10 Responses to BachCap 4: I Feel Nothing

  1. Tina

    If Jade ends up moving to Iowa, will that make her a… Corn Star?

  2. Karen

    Thanks for clarifying that was Lake Piru—that’s basically in the middle of the Grapevine, which…maybe PureMichigan had a point there!

  3. I laughed too much at the Dr Evil comparison, how did you make that connection? It’s perfect.

    Also, the only reason to blur out a tattoo is if it’s a brand, so, any guesses?

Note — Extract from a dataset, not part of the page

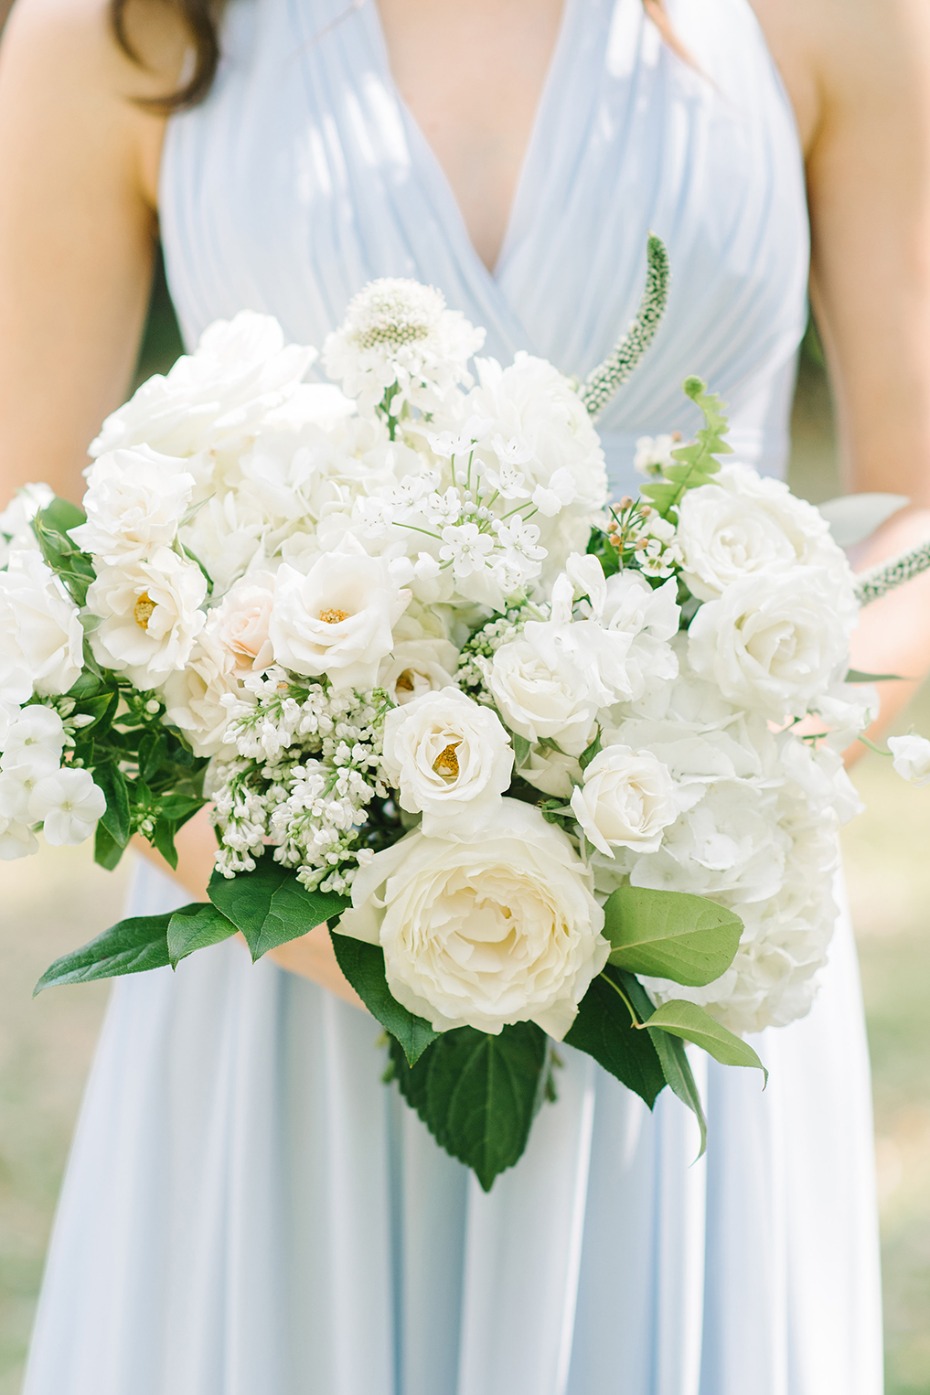 White rose bridesmaid bouquet

  4. Speaking of the cross-promo

    I took one look at Prince Charming and said, “Dude, how did you survive the Lannisters turning you into Swiss cheese during the Red Wedding? You know, right before they slit your mom’s throat?”

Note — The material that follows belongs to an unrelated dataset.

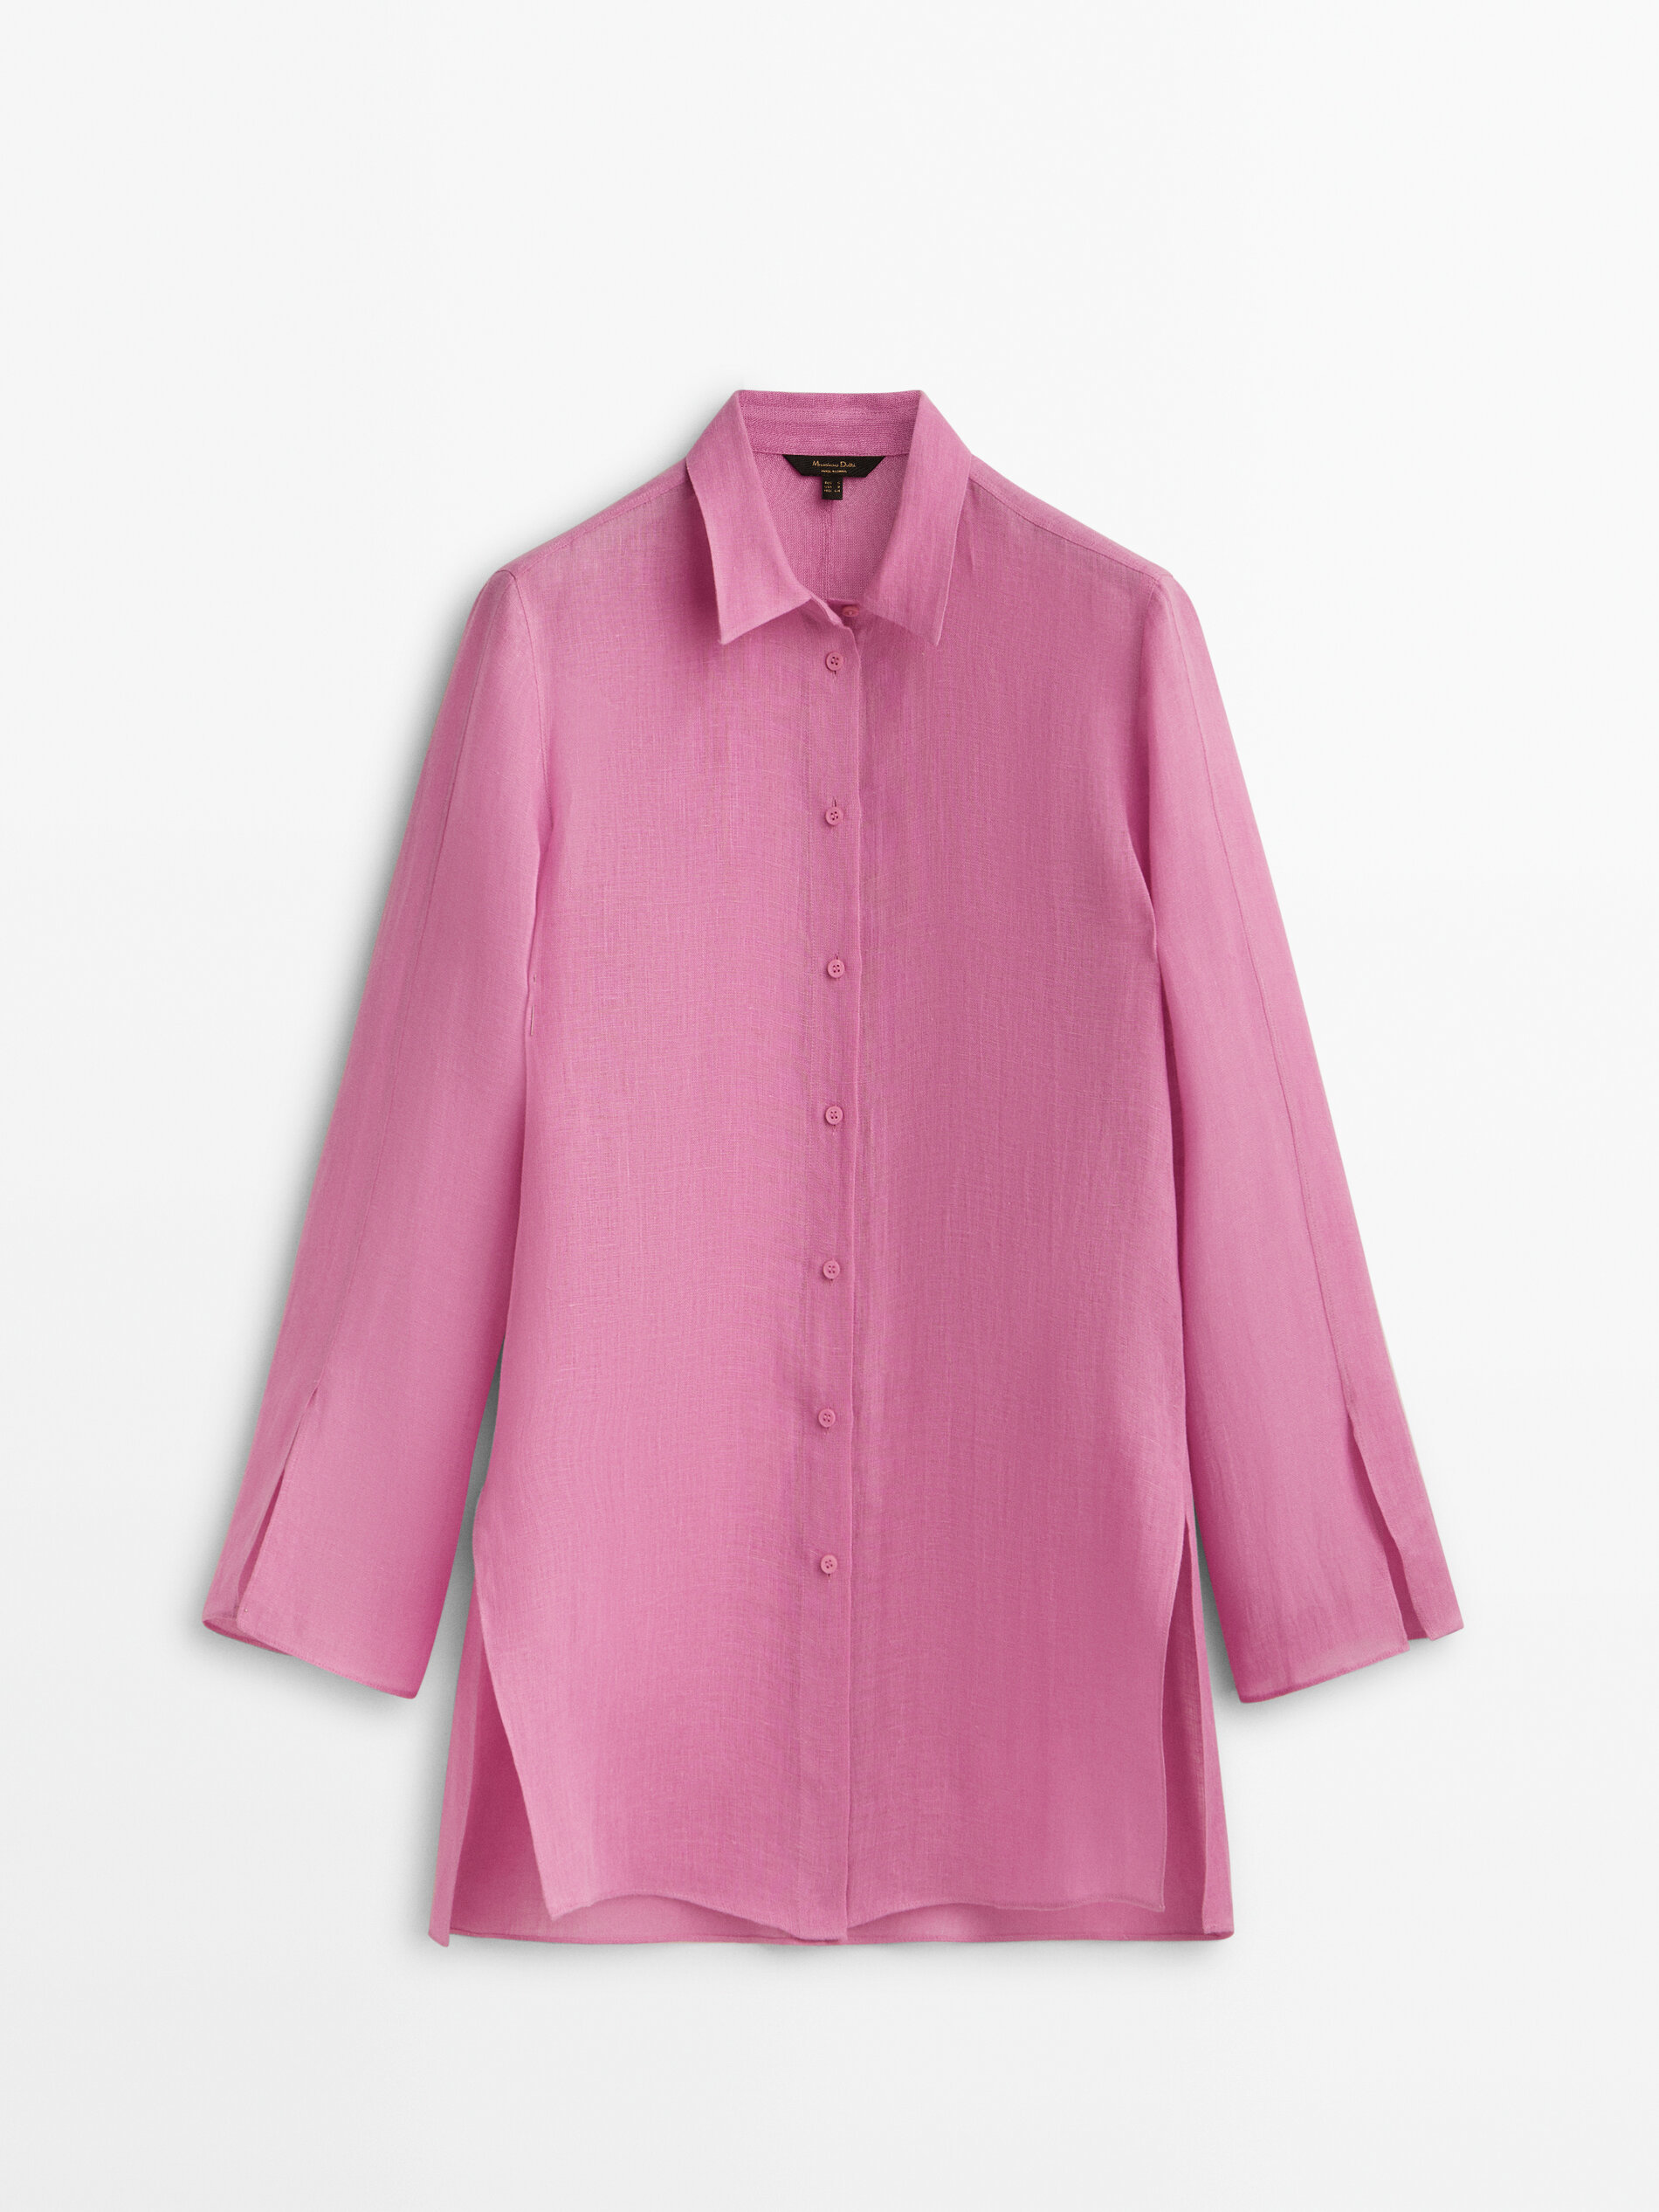 Camisa rosa de lino de Massimo Dutti (39,95 euros).

    Oh, wait. Maybe he’s not still playing Robb Stark on GOT. Damn.

  5. Jake

    It looked like the tattoo was blurred out with makeup or some sort of cover up by the makeup artist just so she wouldn’t look trashy in that dress. Are you thinking that is was blurred in production? I didn’t look that closely.

  6. Norman

    Kelsey’s ability to go from OVER. IT. to giggly peppy little psycho squirrel is the most frightening thing I’ve seen since Glenn Close sat on the floor turning the lamp on and off.

  7. Lish

    So sad Mesa Verde got sent home :( she was providing the best crazy of the show! Although Kartrashian is definitely a close second. Does anyone else wonder if there is a psych test so they can get a good mix of sane and crazy?

  8. Ivan Drago

    why would they blur out playboy models tattoo and not twin birds? I got it. Someone needs to get a tattoo of Chris Harrison on their back. They for sure 100% would not blur it out!! Like Steve O did in Jackass, except not Steve O , CHRIS FREAKING HARRISON. A huge tattoo of Harrison right on the entire back. That would be priceless.

  9. katie

    You’re awesome. Thank you for sharing that awesome. Bach caps are my love language so I wanted to give back.

  10. Christopher Robin

    Bottomless with your top on is called Pooh-Bearing.